Help to simplify $\arctan\left(\frac{\sqrt{1 + x^2} -1}{x}\right)$

Question

Can someone help me simplify the argument of $\arctan$ in this problem ? $$\arctan\left(\frac{\sqrt{1 + x^2} -1}{x}\right)$$

Answer 1

It might be helpful to take the inverse of this function by solving for $x$.

We have the following: $$y=\arctan\left(\frac{\sqrt{1+x^2}-1}{x}\right)$$ Take the $\tan$ of both sides: $$\tan y=\frac{\sqrt{1+x^2}-1}{x}$$ Muultiply both sides by $x$ and add $1$: $$x\tan y+1=\sqrt{1+x^2}$$ Square both sides: $$x^2\tan^2 y+2x\tan y+1=1+x^2$$ Subtract both sides by $1+x^2$: $$x^2(\tan^2 y-1)+2x\tan y=0$$ Now, clearly, the original function is undefined for $x=0$, so we can conclude that $x \neq 0$. Therefore, divide by $x$: $$x(\tan^2 y-1)+2\tan y=0$$ Subtract both sides by $2\tan y$ and divide by $\tan^2 y-1$: $$x=-\frac{2\tan y}{\tan^2 y-1}$$ Now, this looks very similar to the $\tan(2y)$ identity.
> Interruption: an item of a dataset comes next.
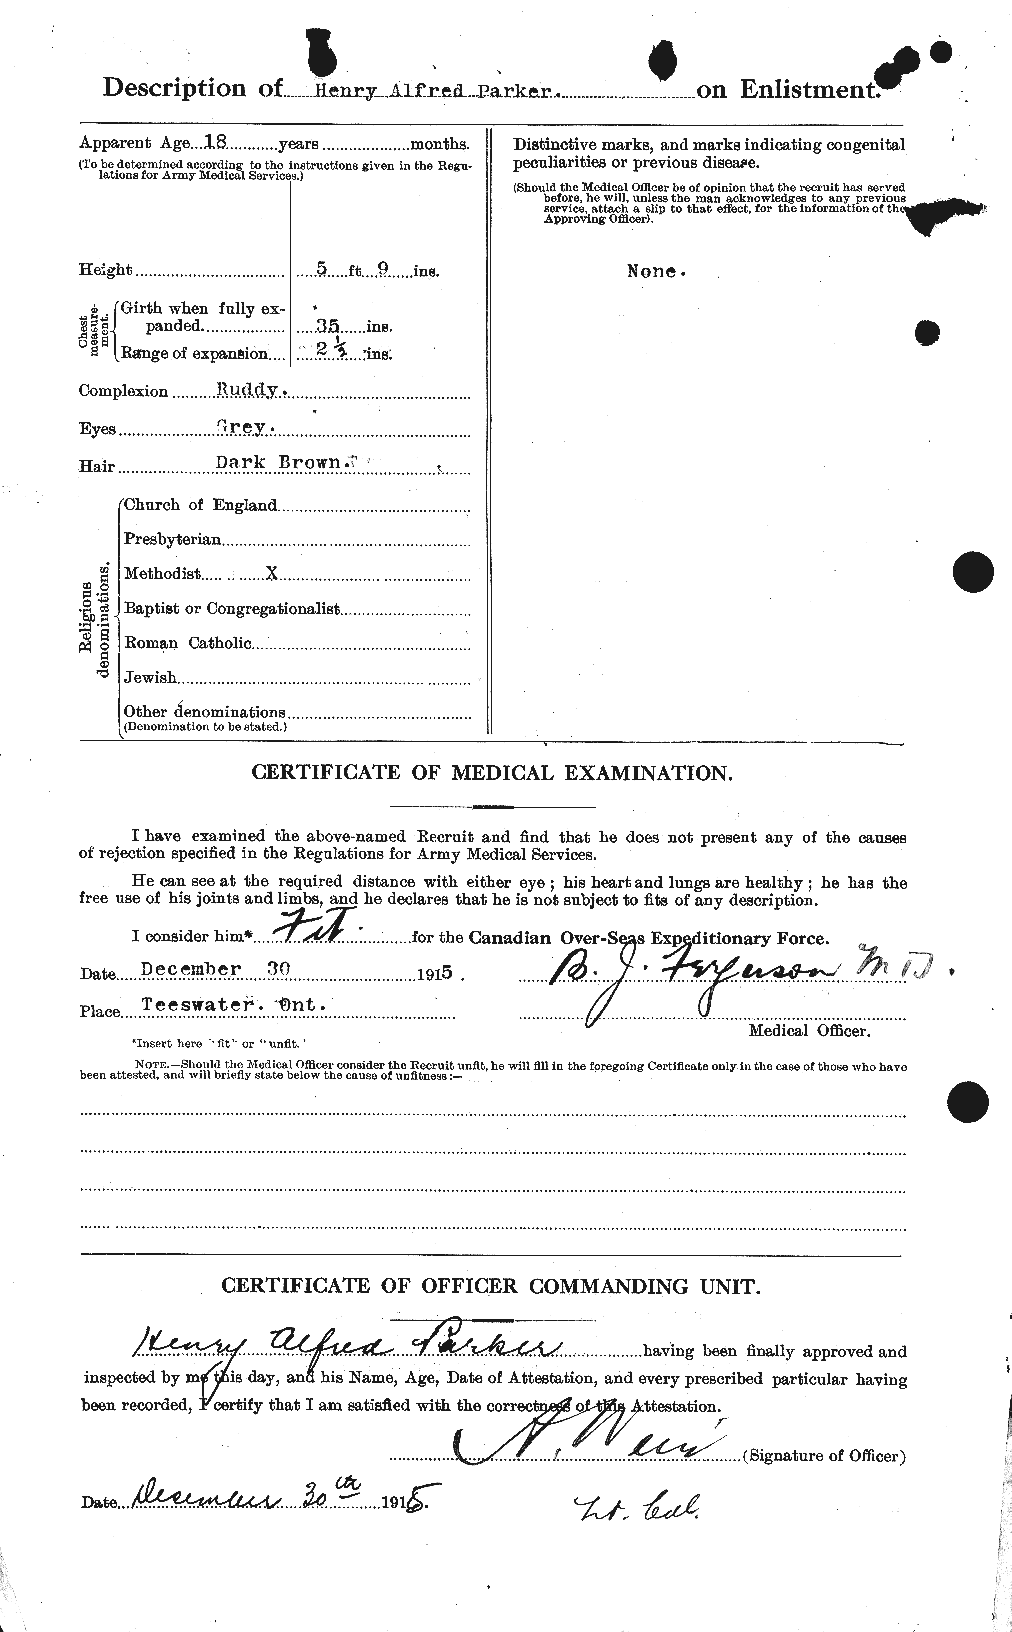 Personnel Records of the First World War - CEF 565348b

However, the denominator is flipped and there is a $-$ sign out front. Therefore, distribute the negative across the denominator: $$x=\frac{2\tan y}{1-\tan^2 y}=\tan 2y$$ Now, we can solve this equation for $y$ to get a much simpler form of our original equation. Take the $\arctan$ of both sides: $$\arctan x=2y$$ Divide both sides by $2$ and switch the sides of the equation: $$y=\frac{\arctan x}{2}$$

Answer 2

Take $x=\tan \theta$ So it becomes ${\sec\theta -1\over tan \theta}$ multiply up and down by $\cos\theta$. Becomes ${1-cos\theta\over sin \theta}={2\sin^2(\theta/2)\over 2\sin(\theta/2)\cos (\theta/2)}=\tan(\theta/2)$

So the answer is $\theta/2 = (tan^{-1}x)/2$

Answer 3

Differentiate with respect to $x$: $$ \frac{\partial}{\partial x}\arctan\left(\frac{\sqrt{1 + x^2} -1}{x}\right)=\frac{\frac{1}{x^2+\sqrt{x^2+1}+1}}{1+\left(\arctan\left(\frac{\sqrt{1 + x^2} -1}{x}\right)\right)^2}=\frac{1}{2(1+x^2)} $$ Thus: $$ \arctan\left(\frac{\sqrt{1 + x^2} -1}{x}\right)=\frac{1}{2}\arctan(x)+C $$ Since both sides are $0$ at $x=0$, then $C=0$.

Answer 4

There's a geometric reason for why you get $\frac12 \arctan x$. Write your expression as $\arctan\frac{x}{\sqrt{1+x^2}+1}$ and look at the pictures in this answer (about taking square roots of complex numbers) for the number $z=1+ix$, so that $\phi=\arctan x$ and $r = \sqrt{1+x^2}$, and note that $w=(x+\sqrt{1+x^2})+ix$ so that your expression is the argument of $w$.